New technique opens door for encoding data on single photons

A team of researchers from the Los Alamos National Laboratory has successfully developed a new technique that could enable the creation of an ultra-secure photonic internet.
Christopher McFadden
Artist's impression of the "dents" generating "twisted" photons.

Los Alamos National Laboratory 

Researchers at Los Alamos National Laboratory have successfully developed a new way to produce a specific type of photon that could prove critical for quantum data exchange, notably encryption. The specific kind of photons, called "circularly polarized light," have thus far proved challenging to create and control, but this new technique makes the process easier and, importantly, cheaper.
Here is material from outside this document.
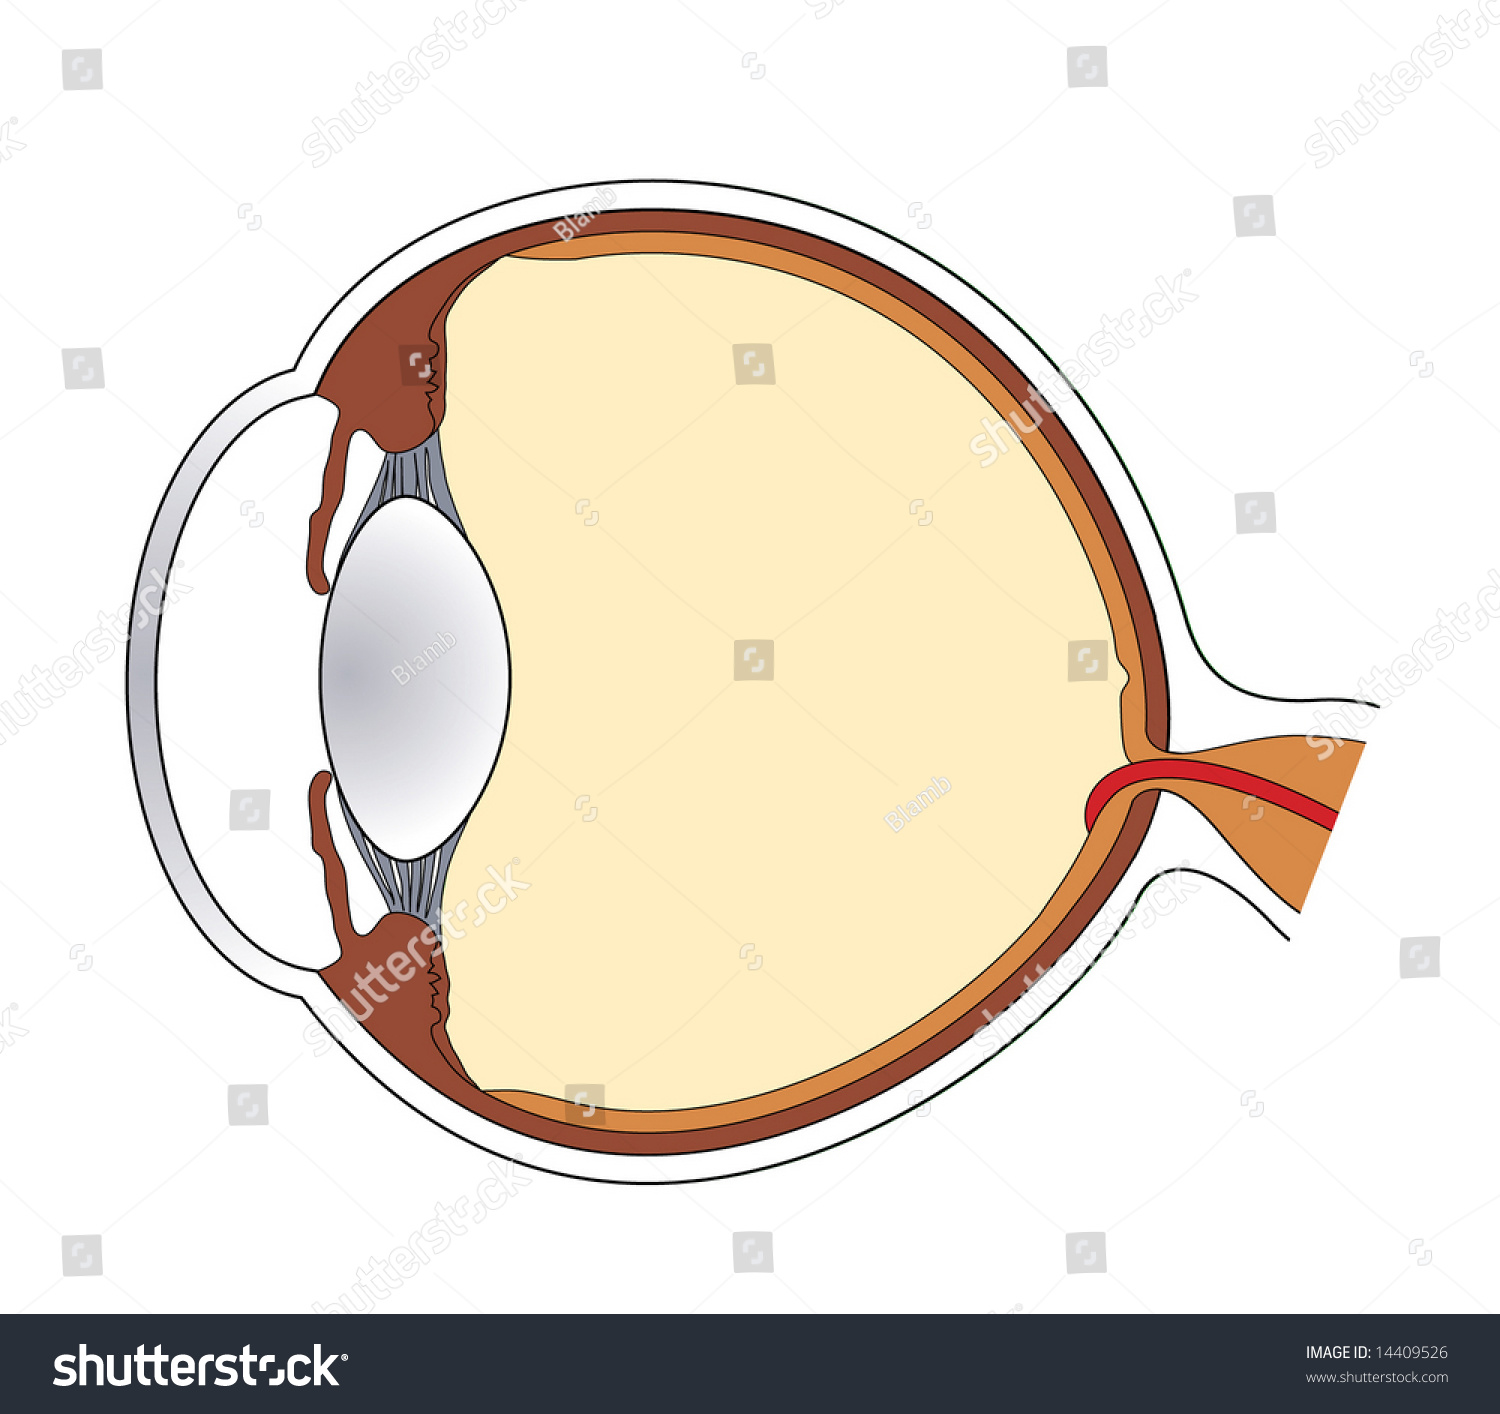 Cross-Section Of Human Eye Stock Photo 14409526 : Shutterstock

This was achieved, the team explains, by stacking two different, atomically thin materials to "twist" (polarize) photons in a predictable fashion.

Encoded, "twisted," photons

“Our research shows that it is possible for a monolayer semiconductor to emit circularly polarized light without the help of an external magnetic field,” explained Han Htoon, a scientist at Los Alamos National Laboratory. “This effect has only been achieved before with high magnetic fields created by bulky superconducting magnets, by coupling quantum emitters to very complex nanoscale photonics structures, or by injecting spin-polarized carriers into quantum emitters. Our proximity-effect approach has the advantage of low-cost fabrication and reliability," he added.

The polarization state effectively "encodes" generated photons, making this a crucial step for quantum cryptography and communication. “With a source to generate a stream of single photons and also introduce polarization, we have essentially combined two devices in one,” Htoon said.

To achieve this, the research team at the Center for Integrated Nanotechnologies used atomic force microscopy to create a series of nanometer-scale indentations, or "dents," on the stack of materials. The stack consisted of a single-molecule-thick layer of tungsten diselenide semiconductor stacked onto a thicker layer of nickel phosphorus trisulfide magnetic semiconductor. Each of the approximately 400-nanometer diameter indentations made would fit over 200 across the width of a human hair.

The researchers then found that the "dents" caused the tungsten diselenide to emit individual light particles (photons). They also, it turned out, changed the magnetic properties of the bottom material in such a way that it gave the emitted photons a special twist ("circular polarization").

To confirm this mechanism, the team conducted optical spectroscopy experiments with the National High Magnetic Field Laboratory and measured the magnetic field of the local magnetic moments with the University of Basel. By doing so, the team successfully demonstrated a new method of controlling single-photon stream polarization in the experiments. Quite an impressive feat!

Super-secure internet

Moving forward, the team is exploring ways to modulate the degree of "circular polarization" of single photons using electrical or microwave stimuli that could, theoretically, encode quantum information into the photon stream. Microscopic conduits of light called waveguides could also allow the coupling of the photon stream, creating photonic circuits. If achievable, these "circuits" could form the foundations of an ultra-secure quantum internet.  

You can view the study for yourself in the journal Nature Materials.

Study abstract:

Quantum light emitters capable of generating single photons with circular polarization and non-classical statistics could enable non-reciprocal single-photon devices and deterministic spin–photon interfaces for quantum networks. To date, the emission of such chiral quantum light relies on the application of intense external magnetic fields, electrical/optical injection of spin-polarized carriers/excitons or coupling with complex photonic metastructures. Here we report the creation of free-space chiral quantum light emitters via the nanoindentation of monolayer WSe2/NiPS3 heterostructures at zero external magnetic field. These quantum light emitters emit with a high degree of circular polarization (0.89) and single-photon purity (95%), independent of pump laser polarization. Scanning diamond nitrogen-vacancy microscopy and temperature-dependent magneto-photoluminescence studies reveal that the chiral quantum light emission arises from magnetic proximity interactions between localized excitons in the WSe2 monolayer and the out-of-plane magnetization of defects in the antiferromagnetic order of NiPS3, both of which are co-localized by strain fields associated with the nanoscale indentations.